The core of the DGX SuperPod's "super" capability lies in its ability to connect so many GB200 systems through a unified computing architecture.
Driving this architecture is NVIDIA's latest Quantum-X800 InfiniBand network technology, which provides up to 1800GB/s bandwidth per GPU on each platform.
The DGX also integrates NVIDIA's BlueField-3 DPU (Data Processing Unit) and the fifth-generation NVIDIA NVLink interconnect technology.
In addition, the new SuperPod also includes NVIDIA's fourth-generation Scalable Hierarchical Aggregation and Reduction Protocol (SHARP) technology. According to NVIDIA, the new version of SHARP in the new generation DGX SuperPod architecture provides 14.4 teraflops of in-network computing power, a four-fold increase compared to the previous generation.
"Blackwell to be applied to NVIDIA DGX Cloud"
The DGX system based on the new GB200 will also be included in NVIDIA's DGX cloud services.

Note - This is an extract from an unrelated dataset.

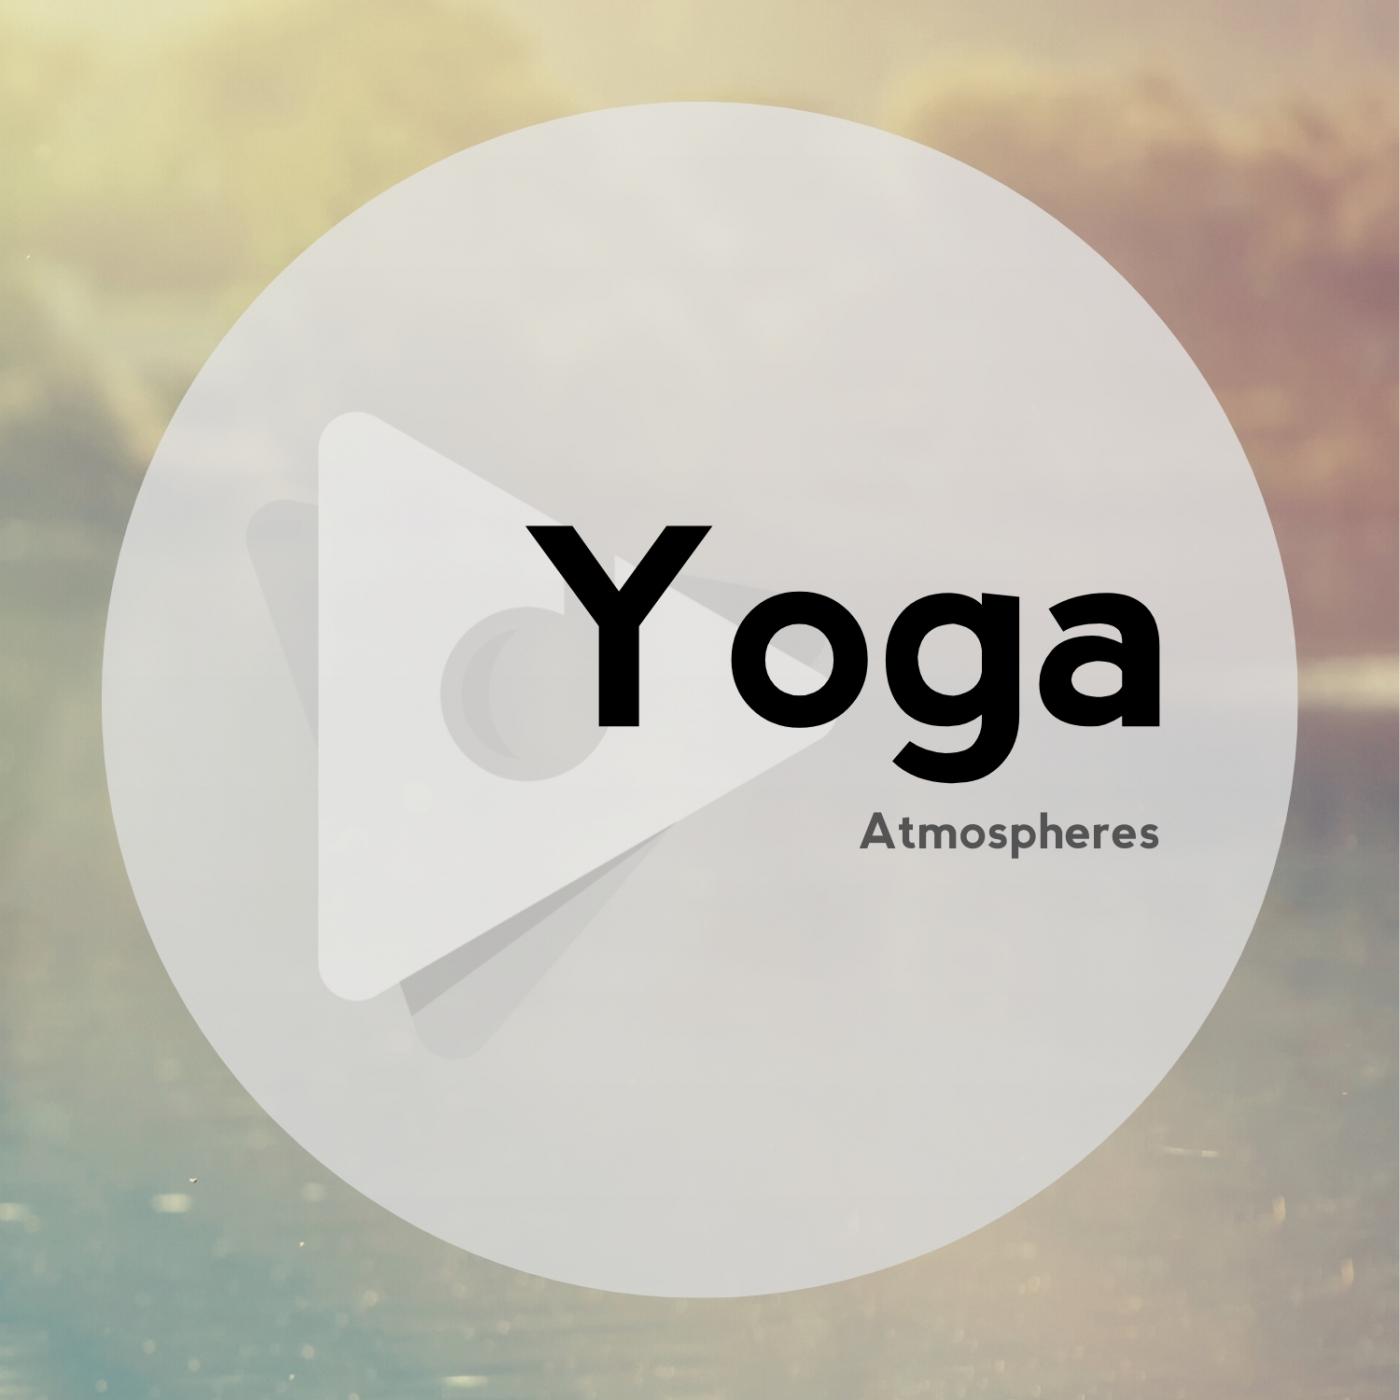 Yoga Atmospheres

The capabilities of GB200 will first be available on Amazon Web Services (AWS), Google Cloud, and Oracle Cloud.
Buck said, "DGX Cloud is a cloud service that we have collaborated deeply with our cloud partners to design, aiming to provide the best NVIDIA technology for our own AI research and product development, as well as to serve our customers."
The new GB200 will also contribute to the Ceiba supercomputer project developed by NVIDIA in collaboration with Amazon Web Services (AWS), which was first announced in November 2023. The Ceiba project aims to create the world's largest public cloud supercomputing platform using DGX Cloud.
Buck said, "I am pleased to announce that the Ceiba project has made breakthrough progress, and we have now upgraded it to support the Grace Blackwell architecture with 20,000 GPUs. It will provide over 400 exaflops of AI computing power."